- _Work order_:
Every picture should be left out, but the lines below must be repeated exactly.

- _Information provided_:

····················

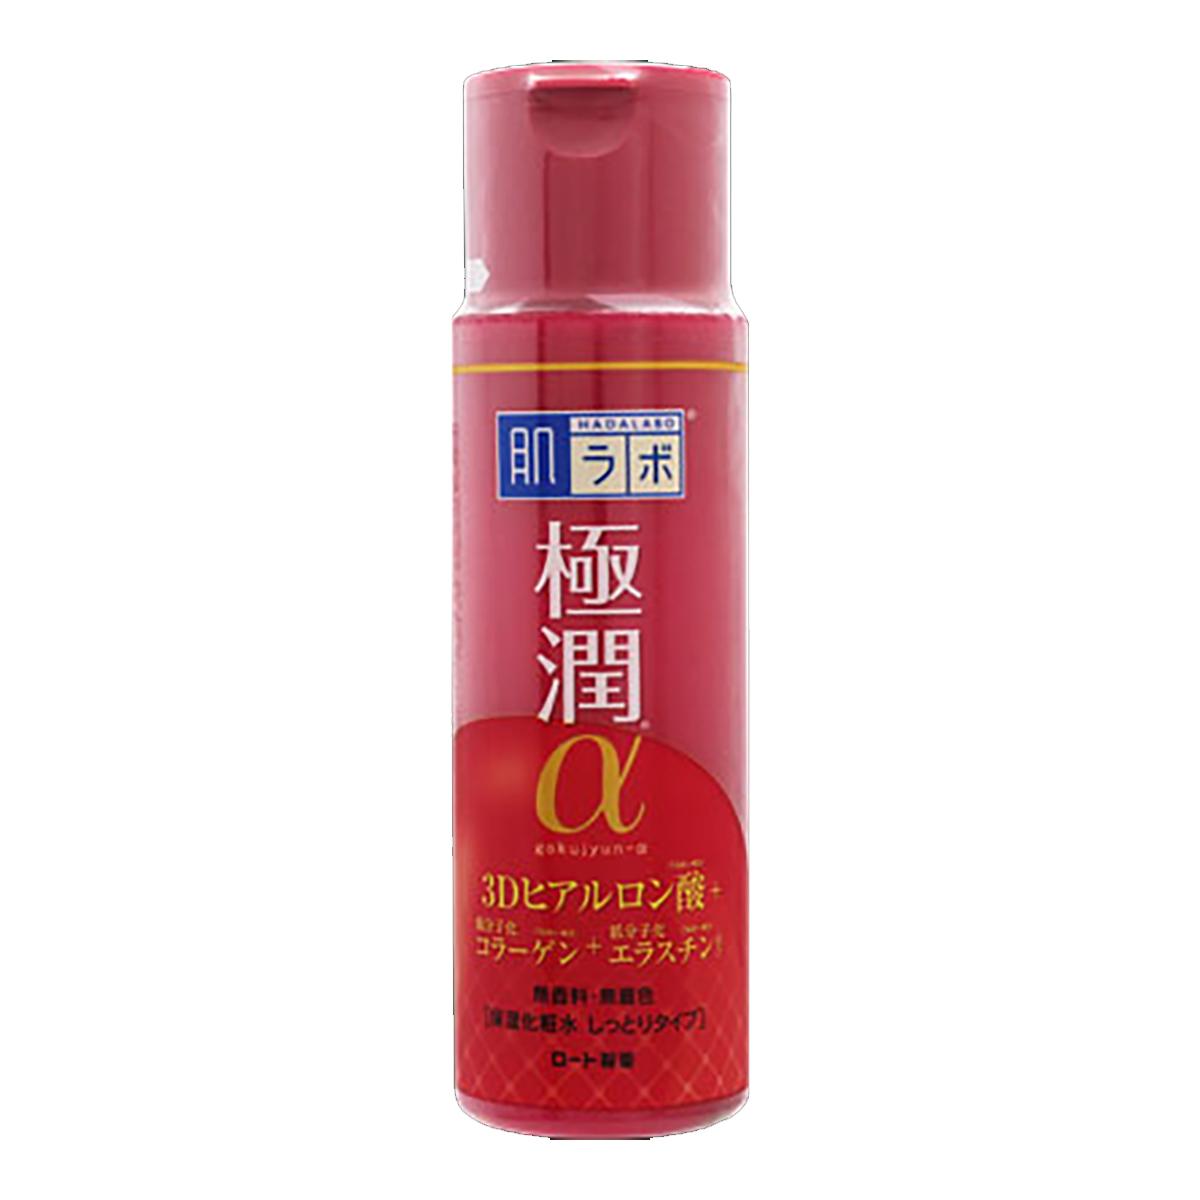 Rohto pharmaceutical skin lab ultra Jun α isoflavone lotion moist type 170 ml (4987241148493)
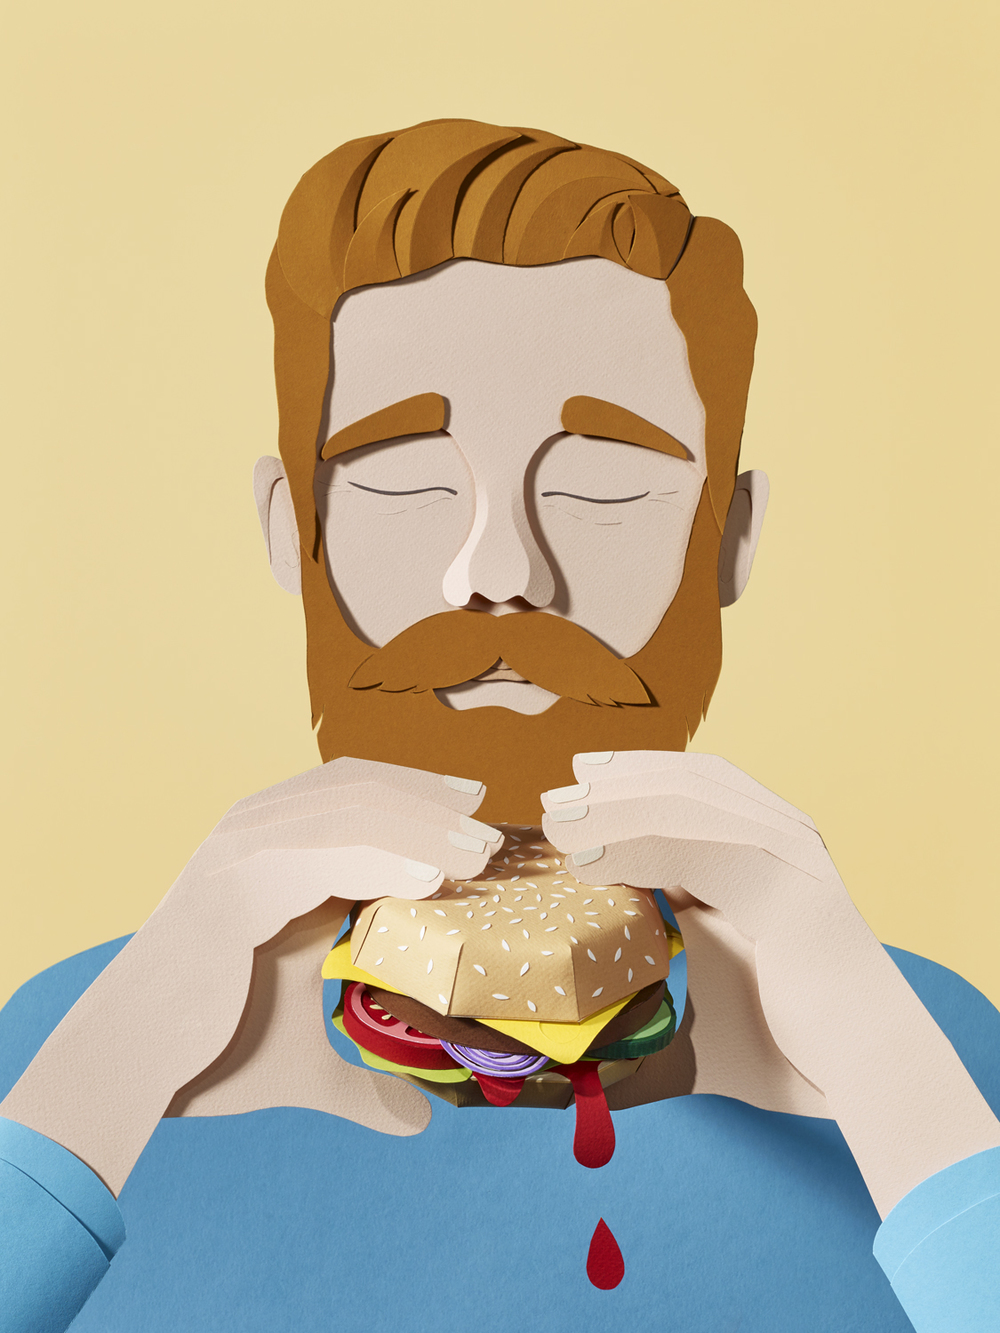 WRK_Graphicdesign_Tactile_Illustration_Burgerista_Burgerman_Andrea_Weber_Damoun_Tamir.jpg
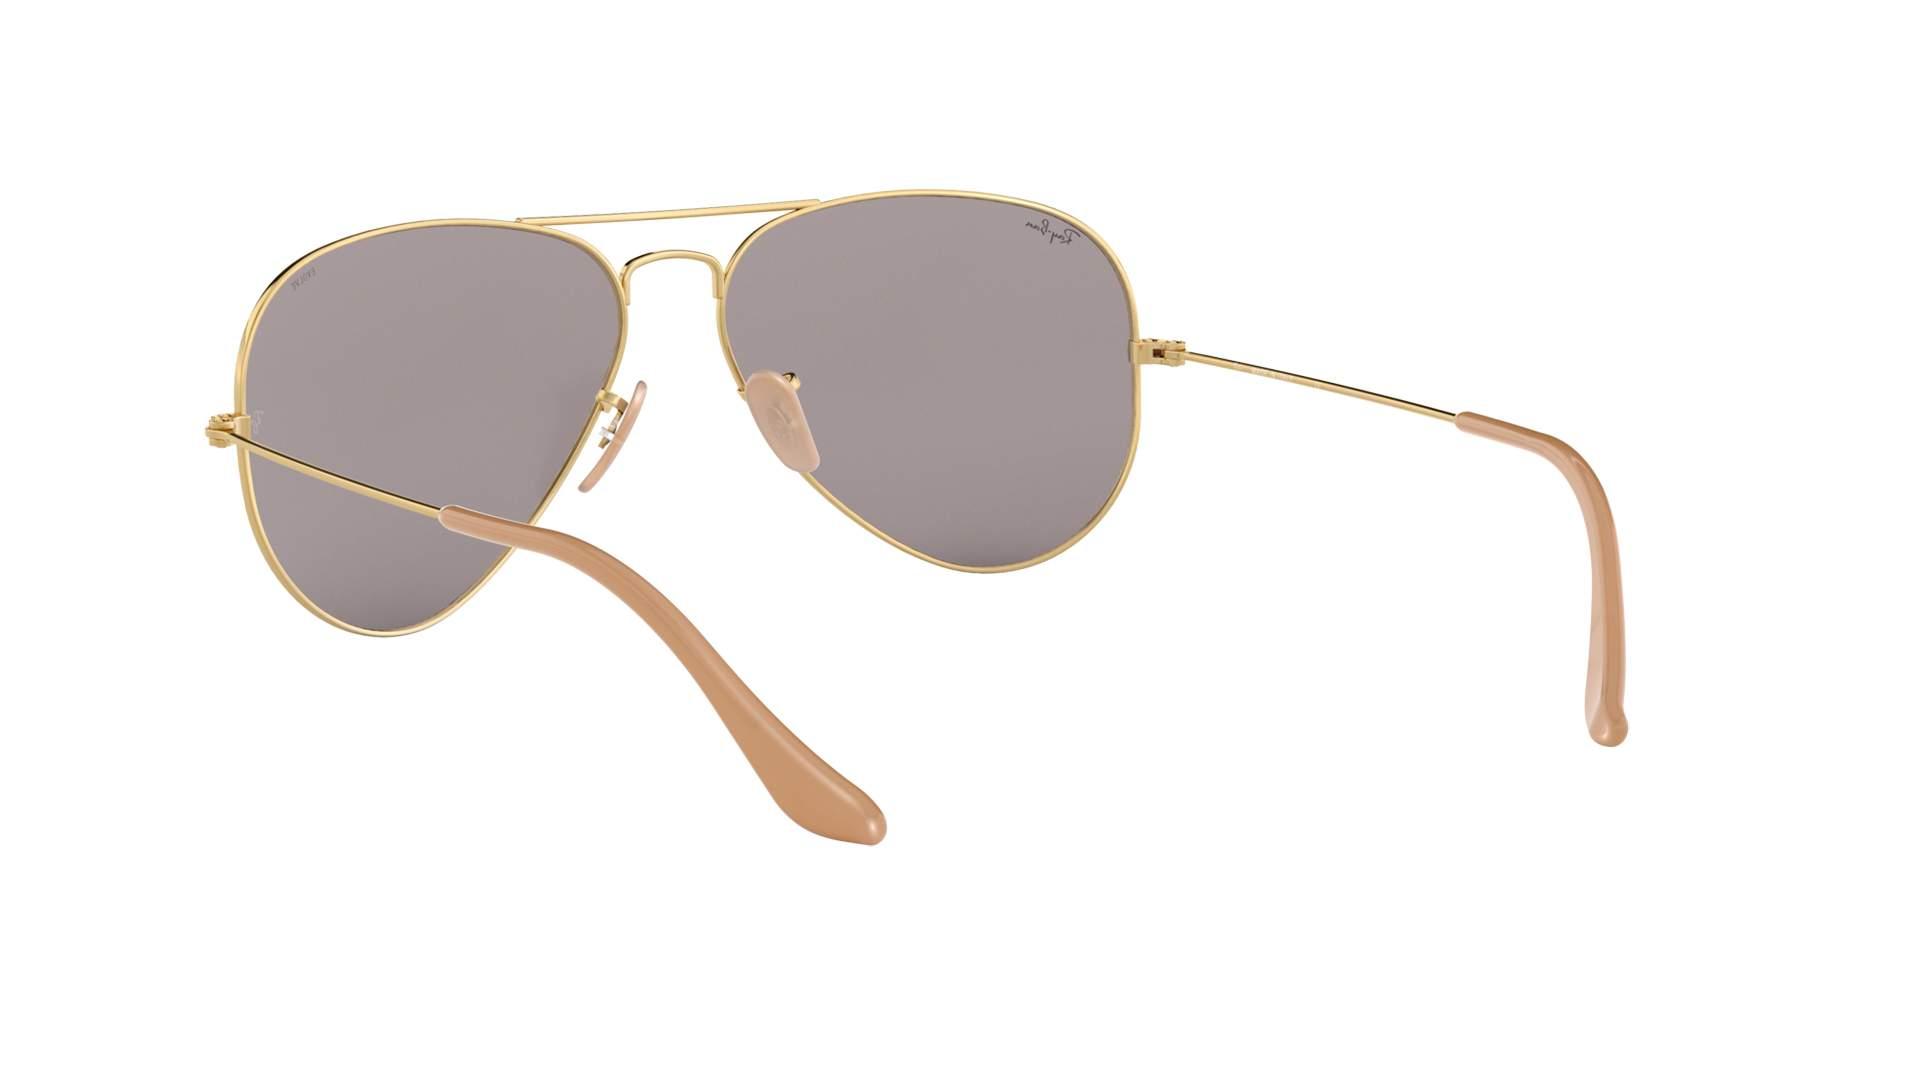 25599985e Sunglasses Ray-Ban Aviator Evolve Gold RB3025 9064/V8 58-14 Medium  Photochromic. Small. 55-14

····················

- _Result of the exercise_:
 Rohto pharmaceutical skin lab ultra Jun α isoflavone lotion moist type 170 ml (4987241148493)
 WRK_Graphicdesign_Tactile_Illustration_Burgerista_Burgerman_Andrea_Weber_Damoun_Tamir.jpg
 25599985e Sunglasses Ray-Ban Aviator Evolve Gold RB3025 9064/V8 58-14 Medium  Photochromic. Small. 55-14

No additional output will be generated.